• Available data:
- - -
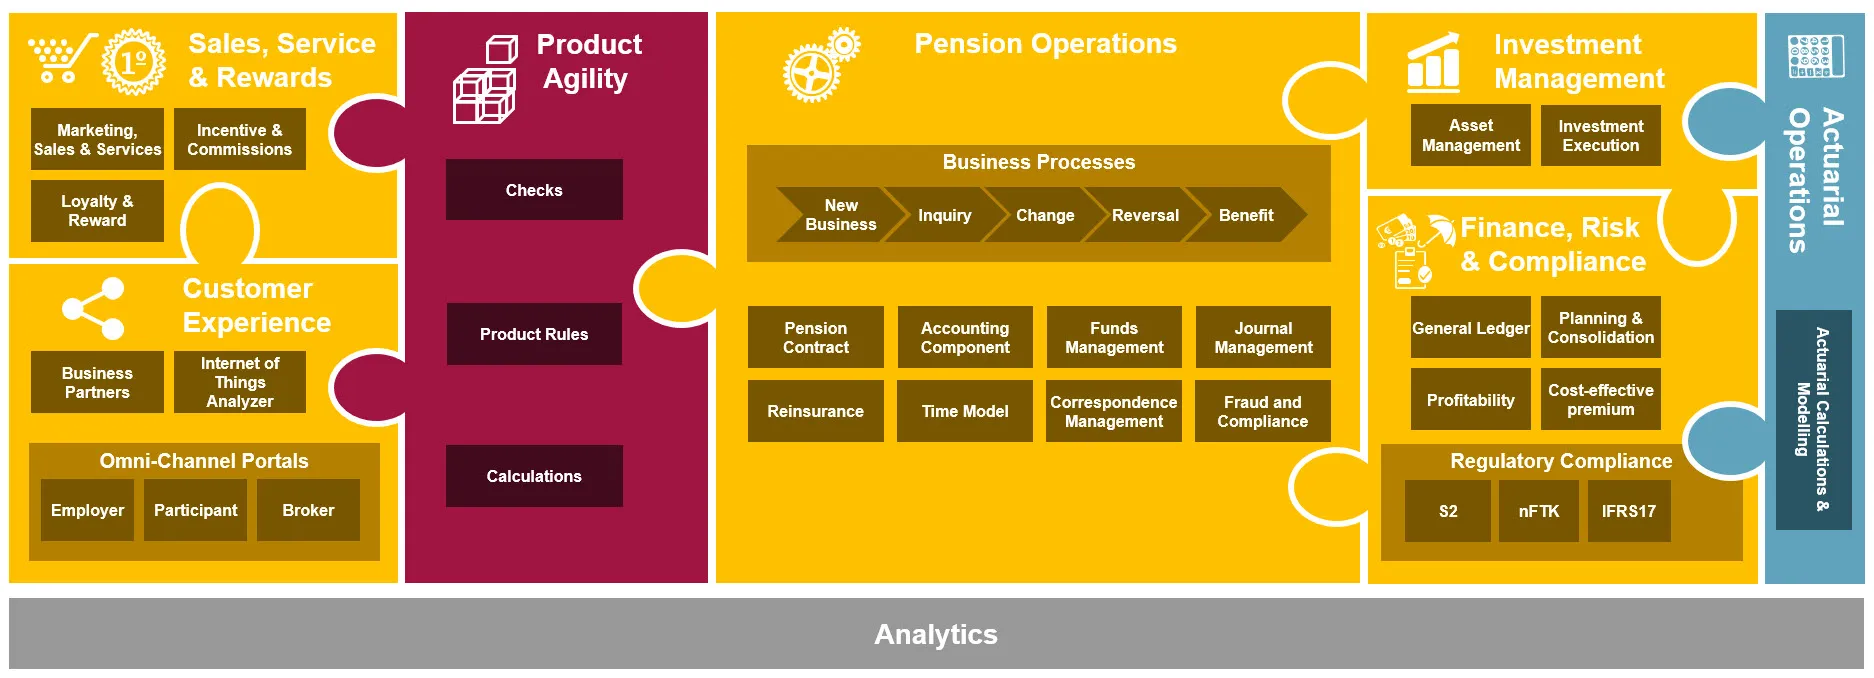 Pension Administration Solution Based on SAP Platform
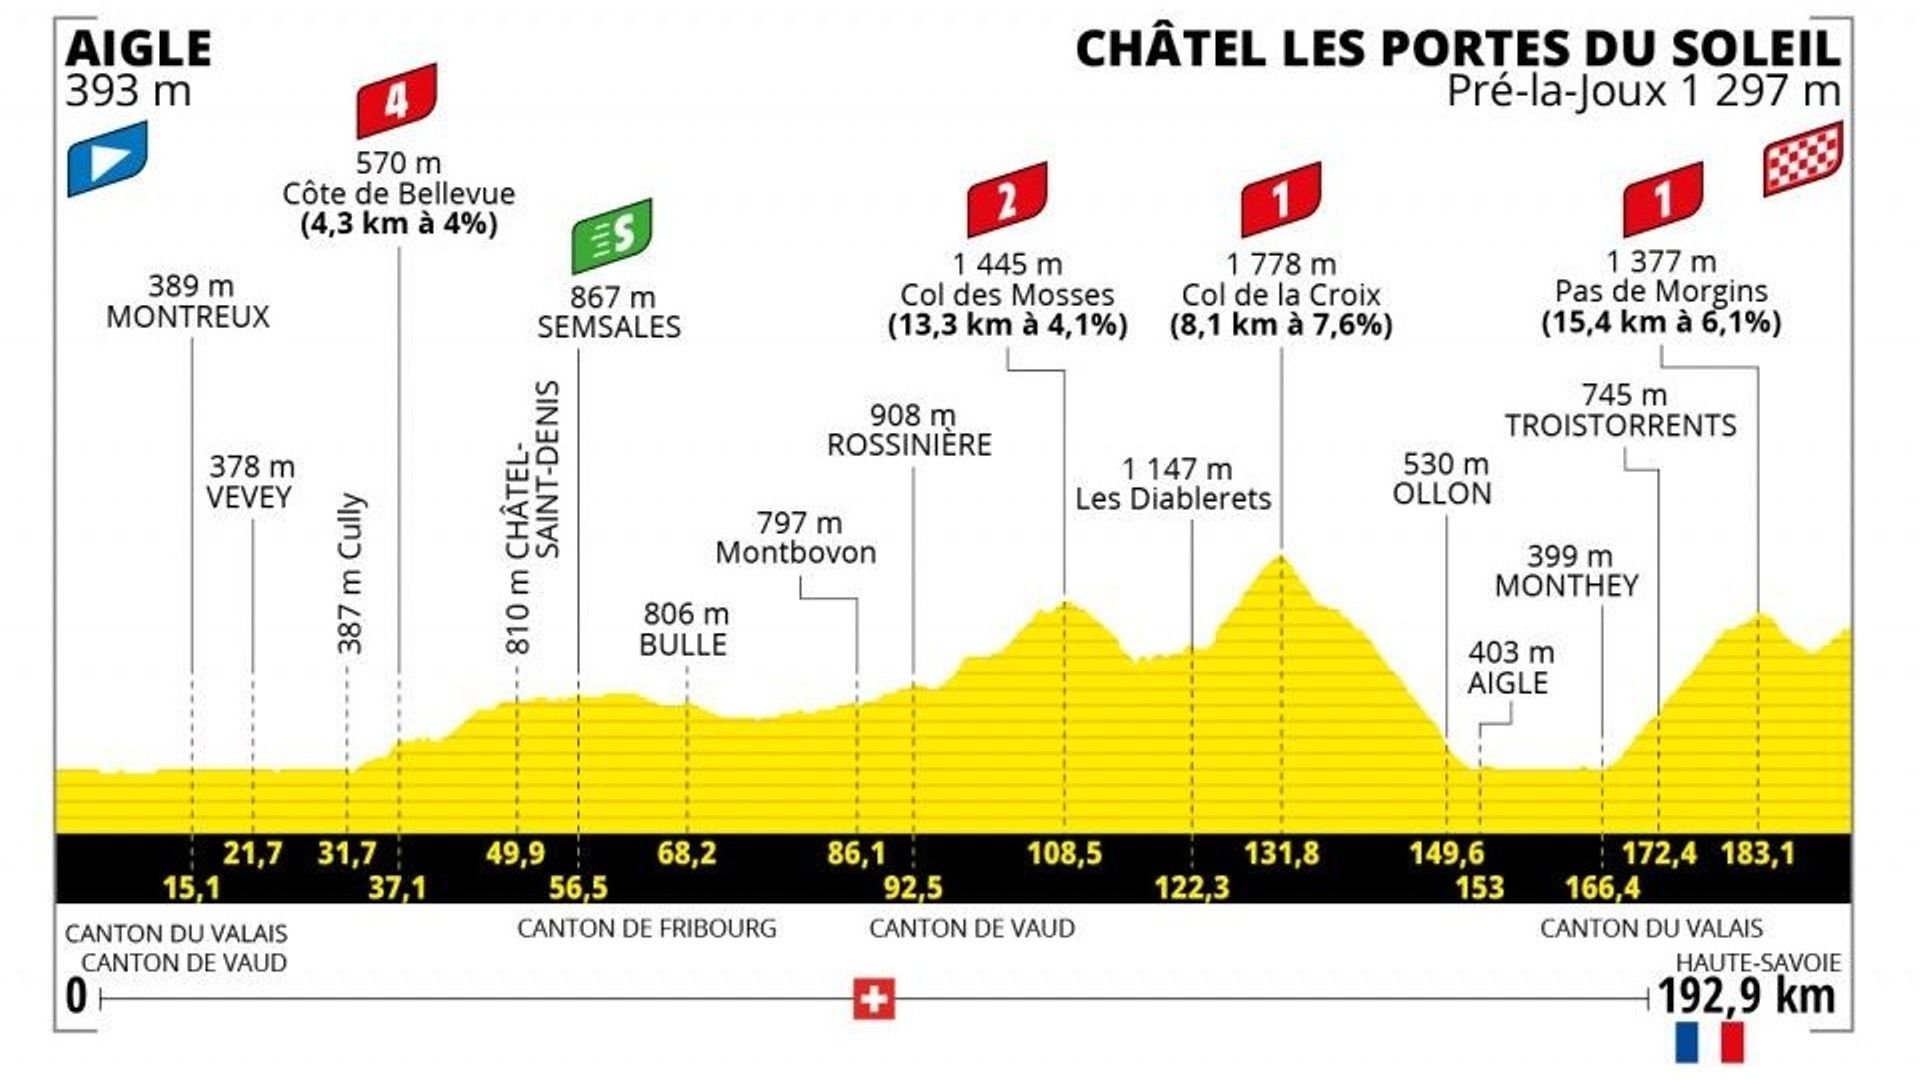 Profil de la 9ème étape du Tour de France 2022. Une étape longue de 192.9 km reliant Aigle à Châtel les portes du soleil. 
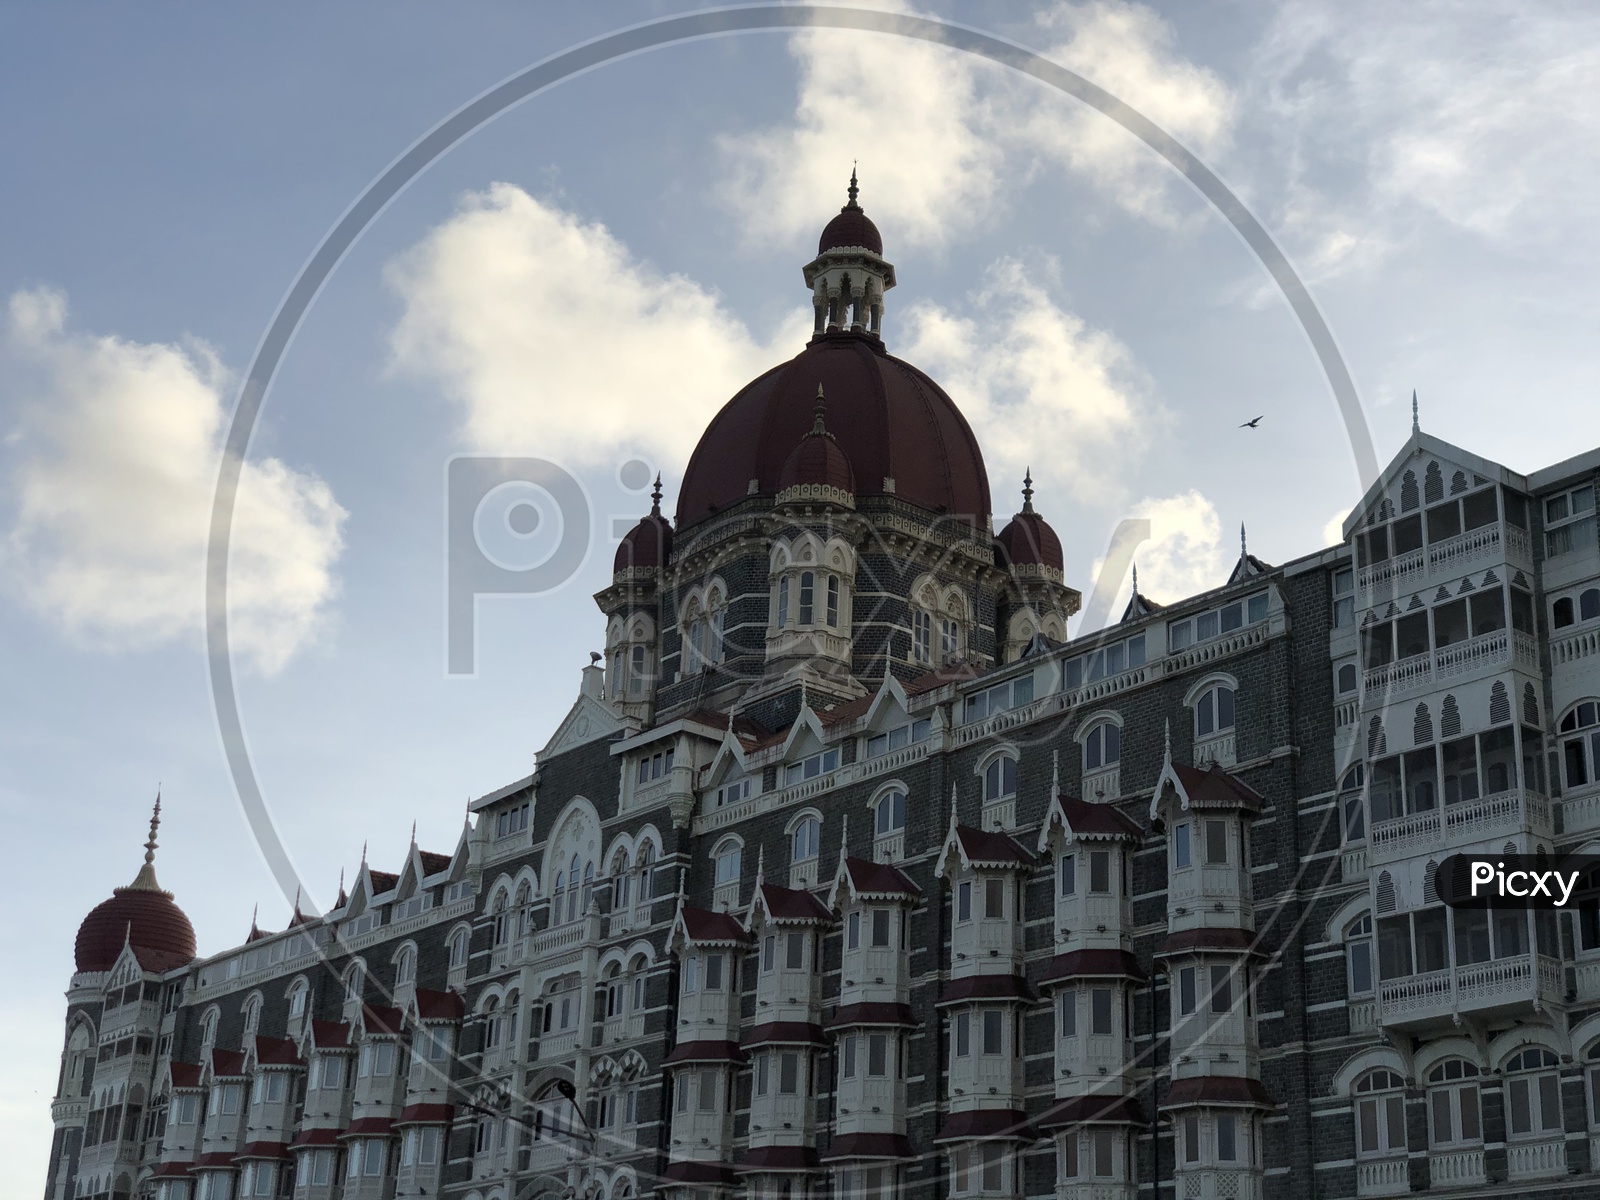 The Taj Mahal Palace Hotel in Mumbai
- - -
• Required action: Please return the full listing word for word, but without any pictures.

• Solved exercise:
 Pension Administration Solution Based on SAP Platform
 Profil de la 9ème étape du Tour de France 2022. Une étape longue de 192.9 km reliant Aigle à Châtel les portes du soleil. 
 The Taj Mahal Palace Hotel in Mumbai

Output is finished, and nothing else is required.